▶ How to complete this task: Your copy of the listing must be exact and must hold no images.

▶ Raw data:
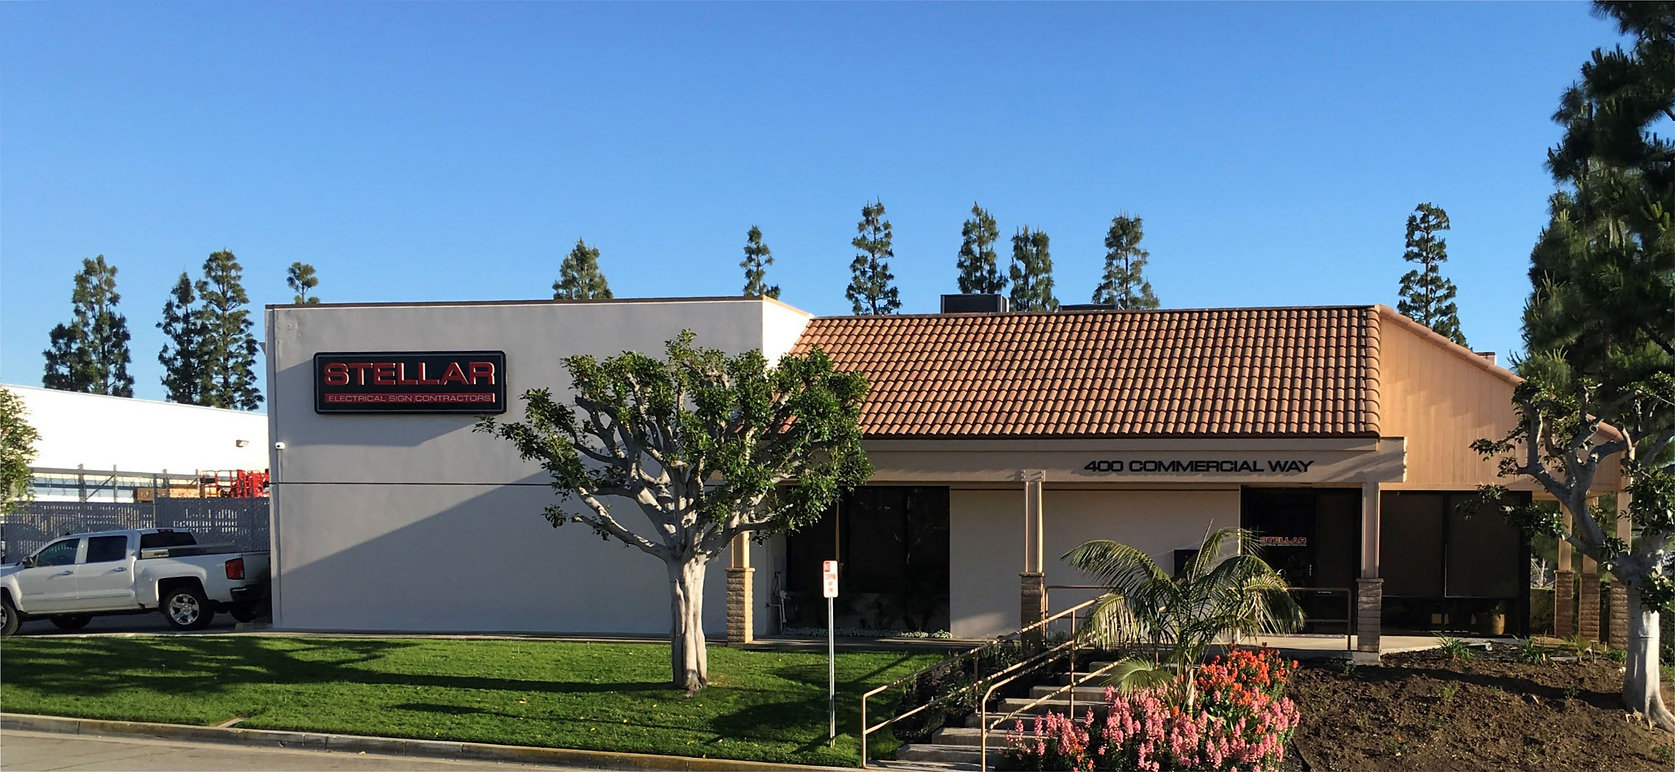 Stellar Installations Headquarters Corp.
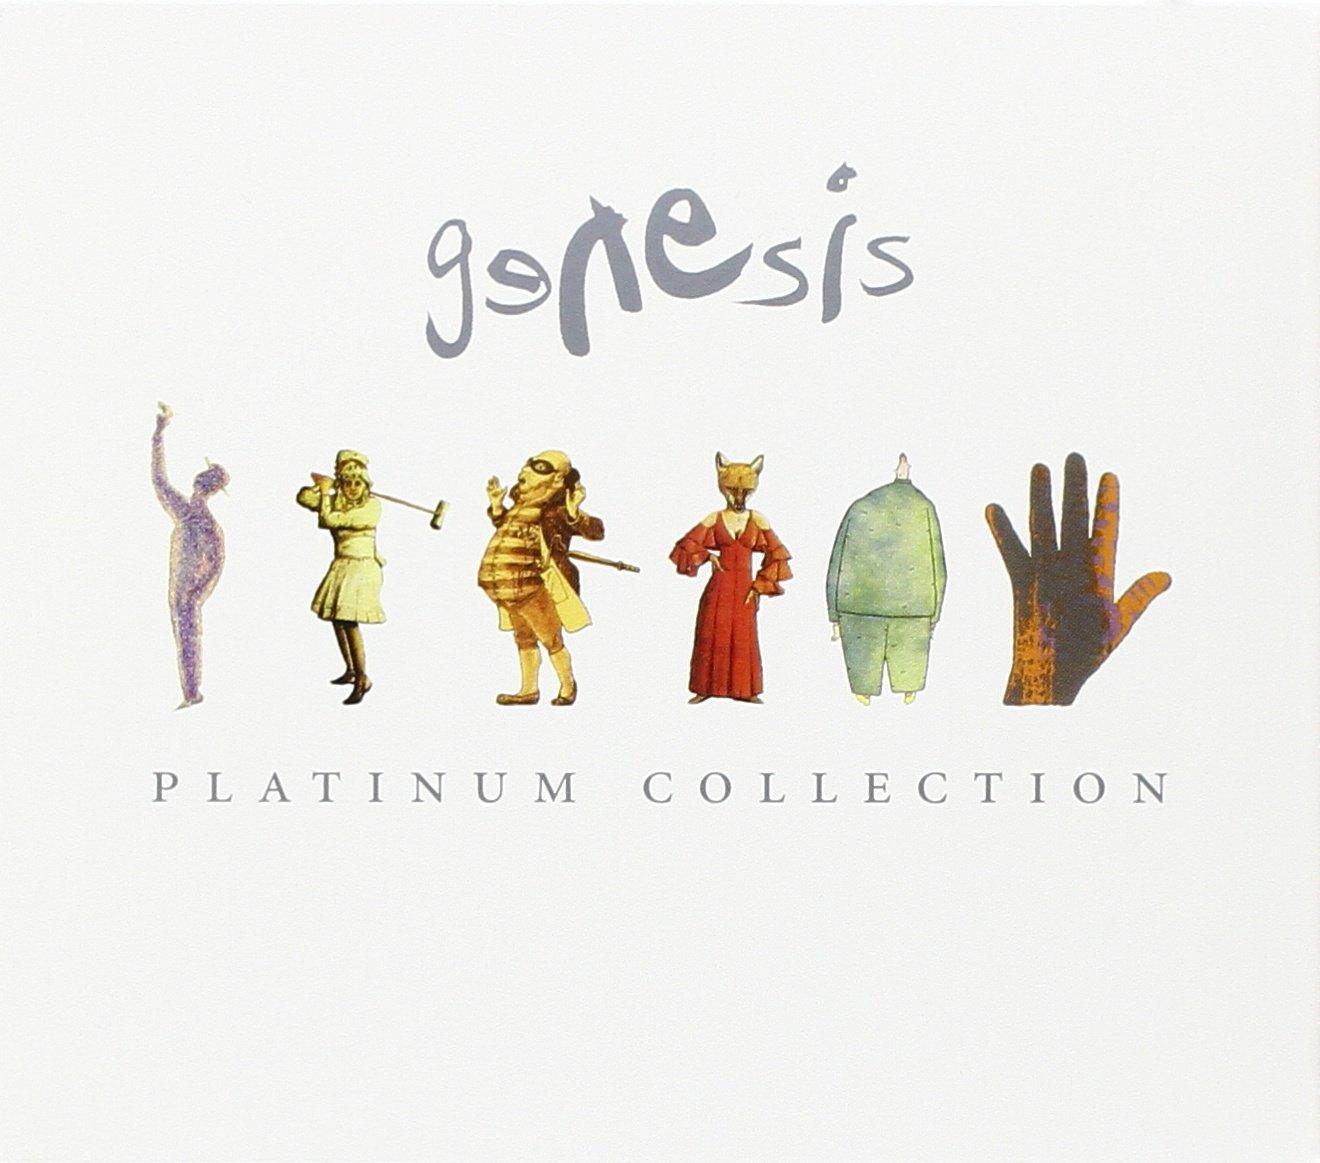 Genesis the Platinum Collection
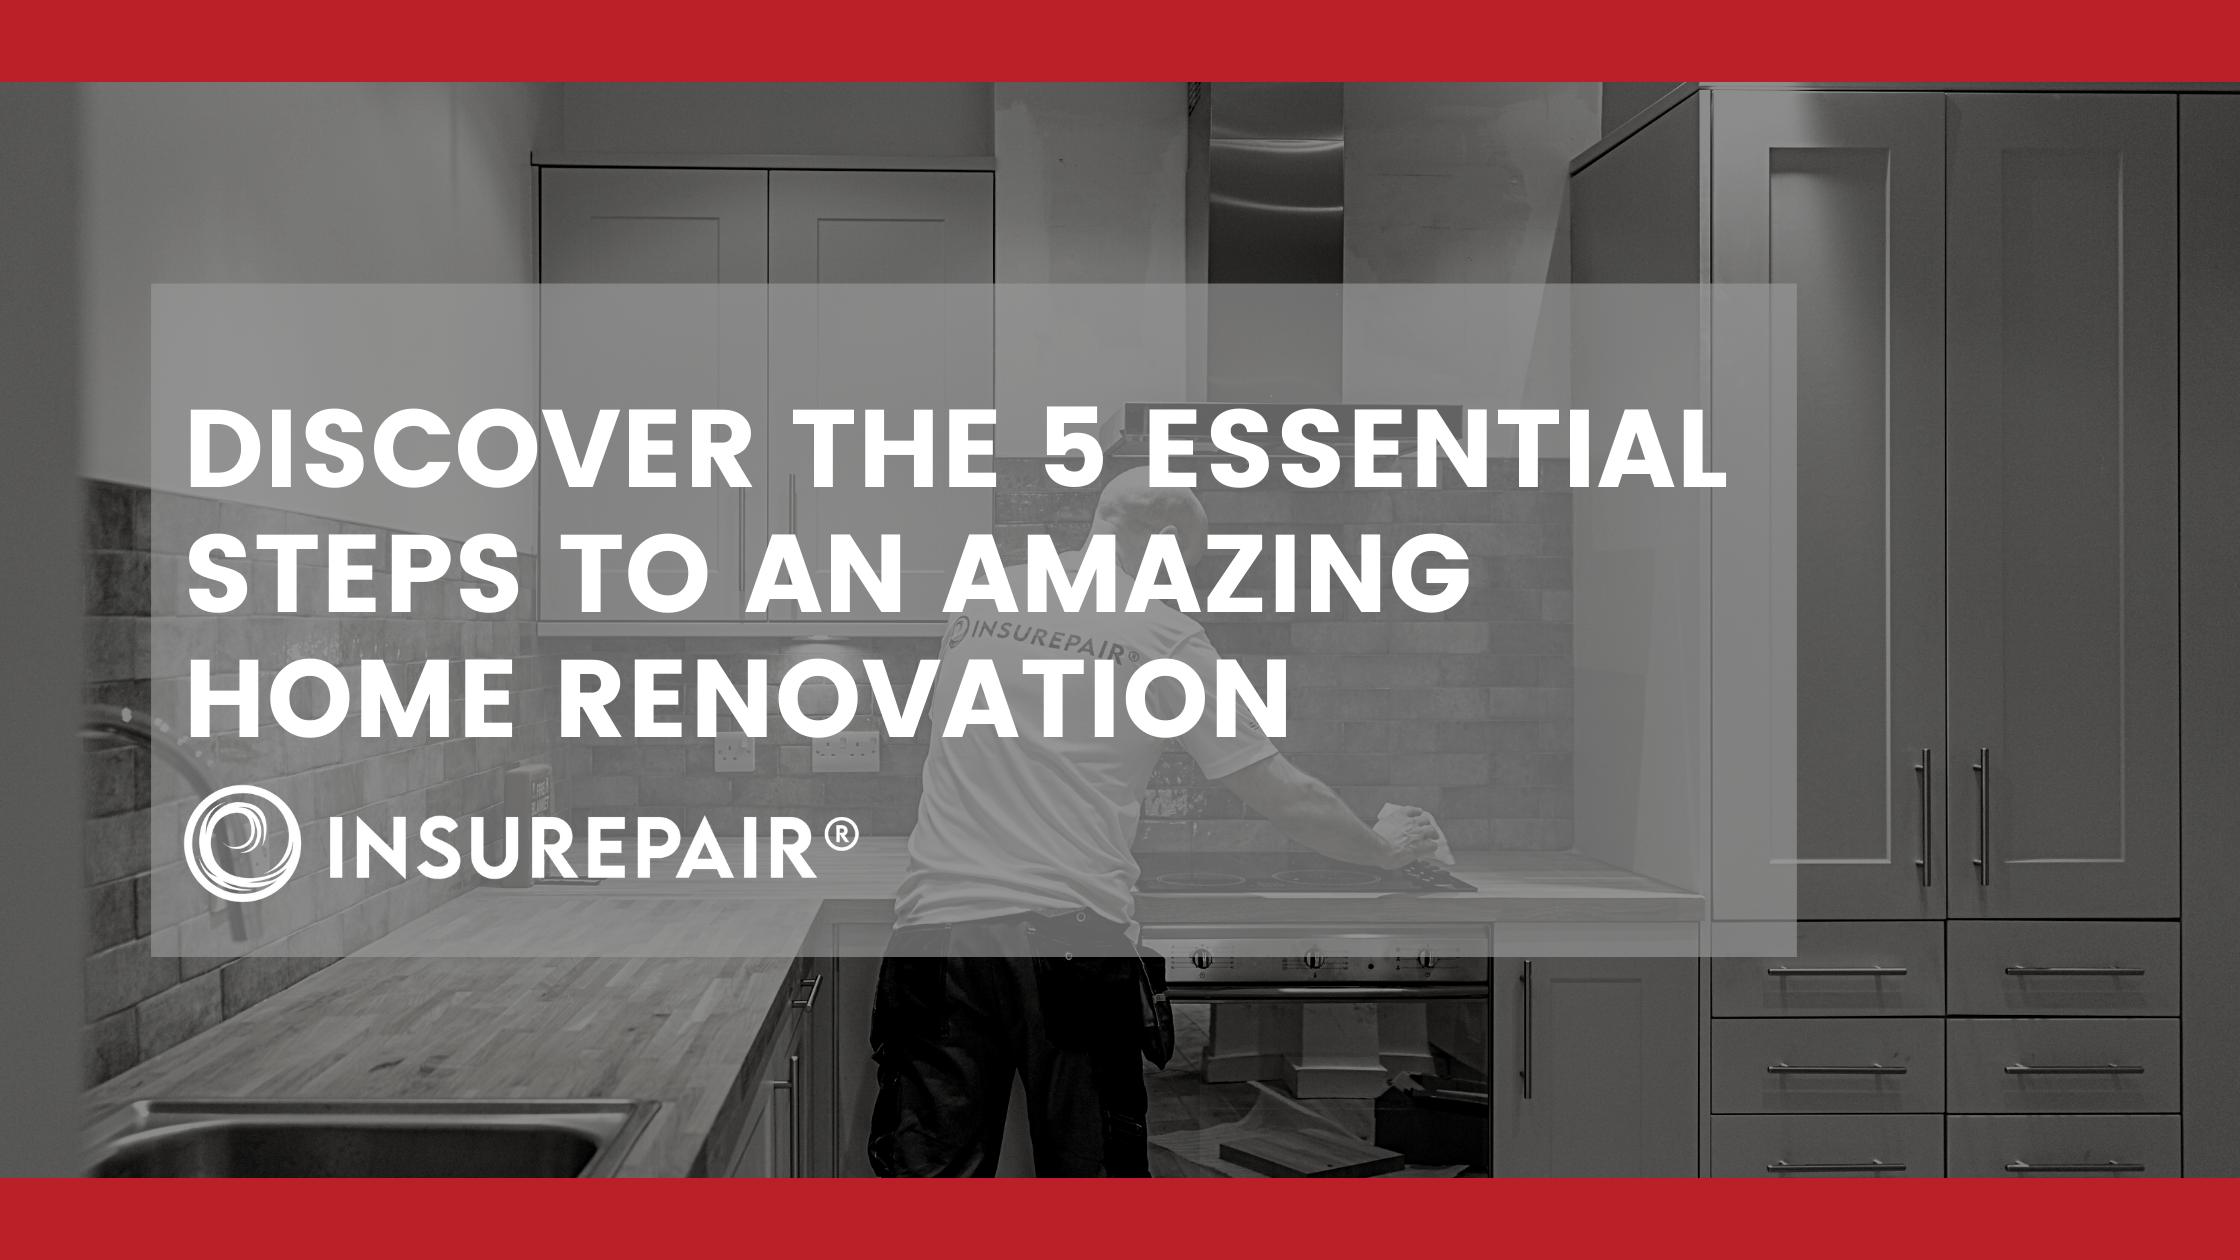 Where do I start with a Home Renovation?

▶ Output:
 Stellar Installations Headquarters Corp.
 Genesis the Platinum Collection
 Where do I start with a Home Renovation?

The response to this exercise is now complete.